Tenía 15 años, estaba en plena adolescencia, muy en descubrir el mundo, de creerme que todo se puede.  Iba al colegio doble turno así que me pasaba gran parte del día ahí. Era un colegio bastante abierto, liberal: el Raggio. Ahí ya experimentaba mis primeras búsquedas y aventuras. De irnos a pasar tardes enteras al río, ratearnos. Una mezcla de curtir naturaleza, escabio, marihuana, tabaco. Empezar a curtir esas cosas. El ámbito en el que me movía era súper abierto. Mis amigas eran: una punky, una alternativa, una nerd y yo súper rolinga. Así era la cosa. Todas juntas con amigos metaleros. Me gustaba mucho salir de noche, a pleno, a los boliches rolingas o al boliche alternativo con mis amigas. Iba a recitales bastante influenciada siempre por mi hermana Erika, que me llevaba cuatro años. Nos encontrábamos escuchando las mismas músicas. Yo la seguía a ella, me llevaba a recitales desde los once años. Nos encontramos en esa cultura del rock. Yo era la hermanita menor y la seguía para todos lados. Ella me abrazó, me maternizó un poco. Me llevaba y me mostraba ese mundo desde un lugar cuidado. Después yo me mandaba las mías también… en esa estaba.
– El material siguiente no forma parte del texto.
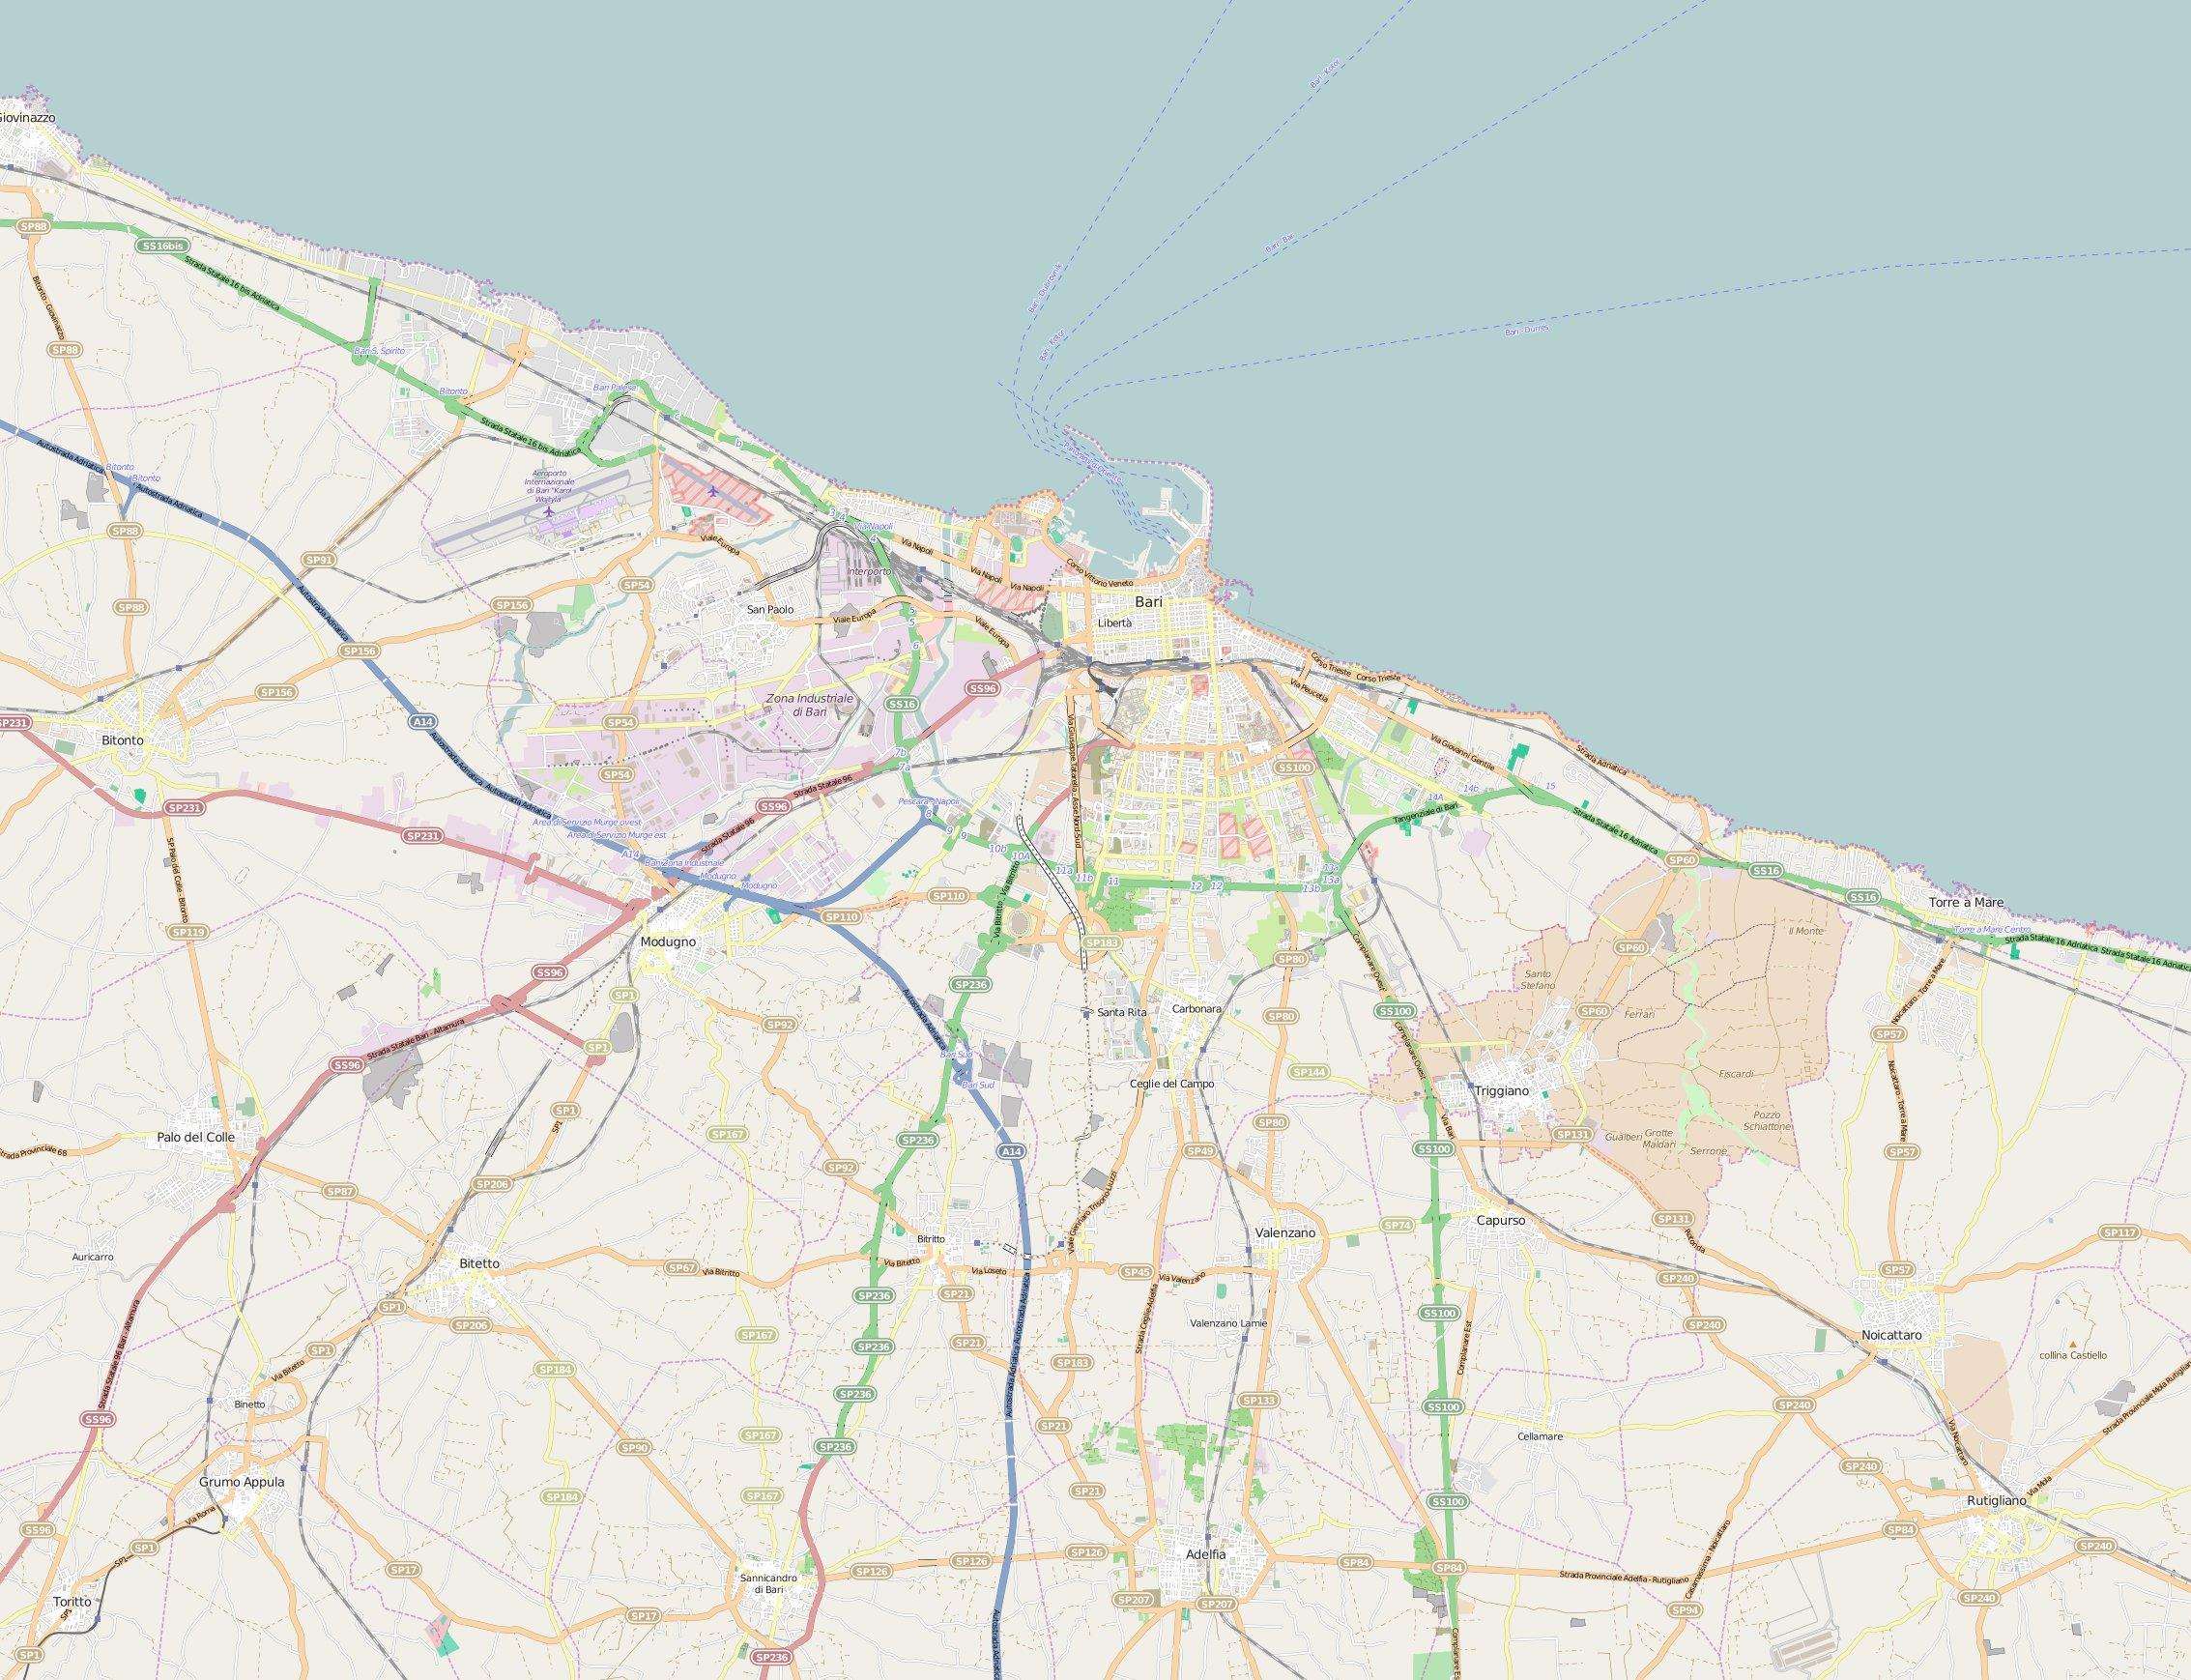 FileLocation Map Barijpg Wikimedia Commons - Bari map
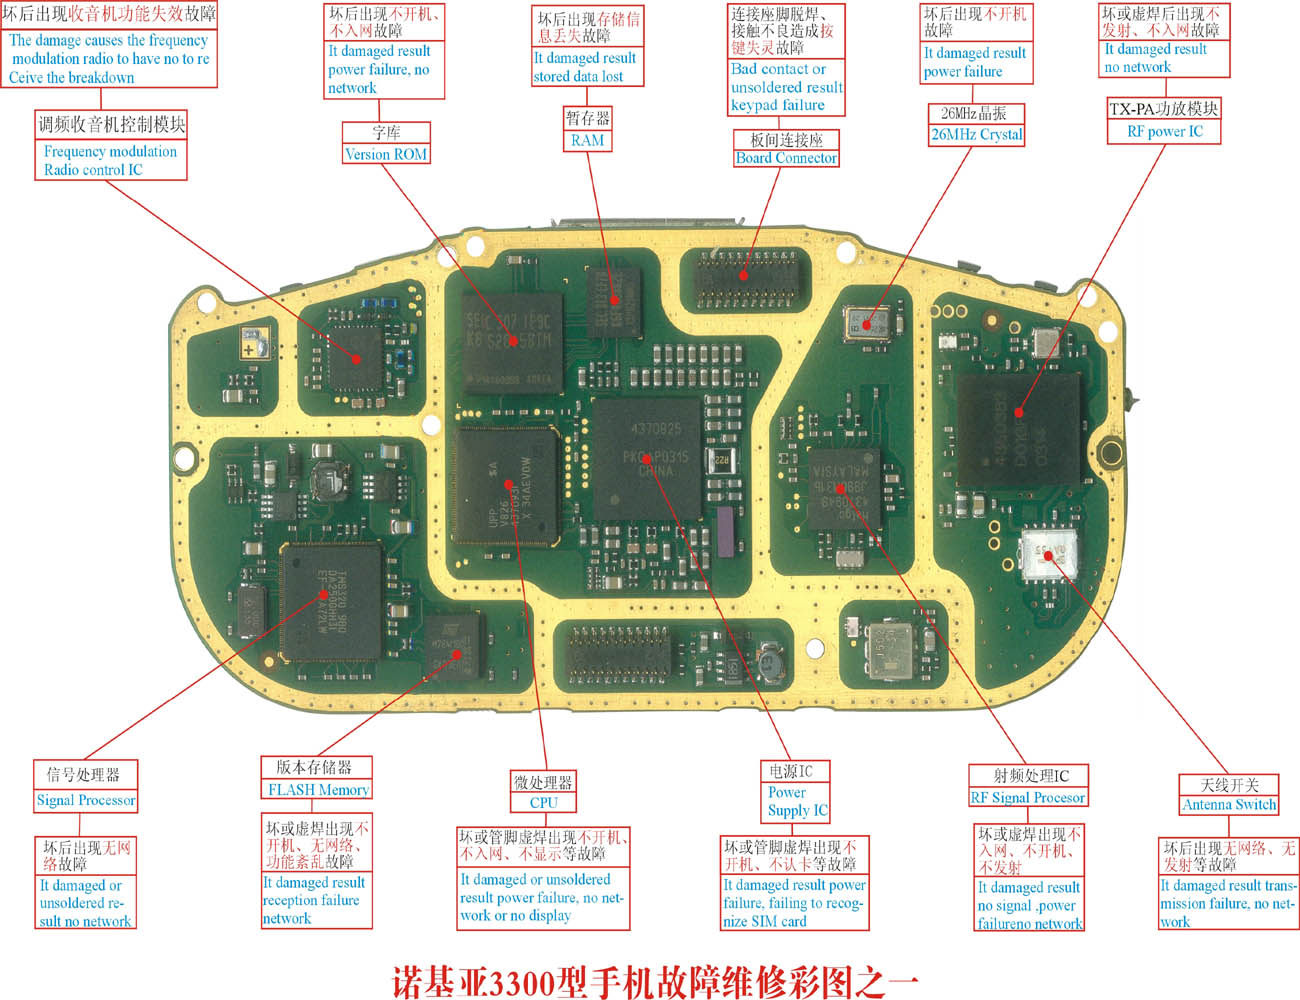 Nokia 3300 Mobile Fault Repairing Physical Color Picture 1 Sim Card Circuit Diagram

Vivía en Munro. En la casa estaba bastante sola. Mis viejos se habían separado y laburaban mucho. Nunca aparecía el viejo. Mi otra hermana ya no vivía en esa casa. Mi vieja laburaba y estudiaba, no la veía. Mi hermana era un poco la guía, la que estaba. Por ella empecé a escuchar Callejeros. Ella tenía un novio, El Colo, que tenía una banda de rock y eran bastante fanas de Callejeros. Me acuerdo que la banda tenía el nombre de una canción de Callejeros: “Invisibles” y después se llamaron “Sonando”. Tenían el mismo estilo, los seguían a todos lados. Cuando empezaron a seguirlos, eran bastante under, los conocían. Entré en esa. Me sumé a seguirlos. Bocha de fechas, a casi todas las que podíamos íbamos. Yo venía con Los Piojos, La Renga, pero no tocaban tan seguido. Después apareció Callejeros y como estaba esta relación con todo el grupo, me metí en esa. Era la más peque del grupete.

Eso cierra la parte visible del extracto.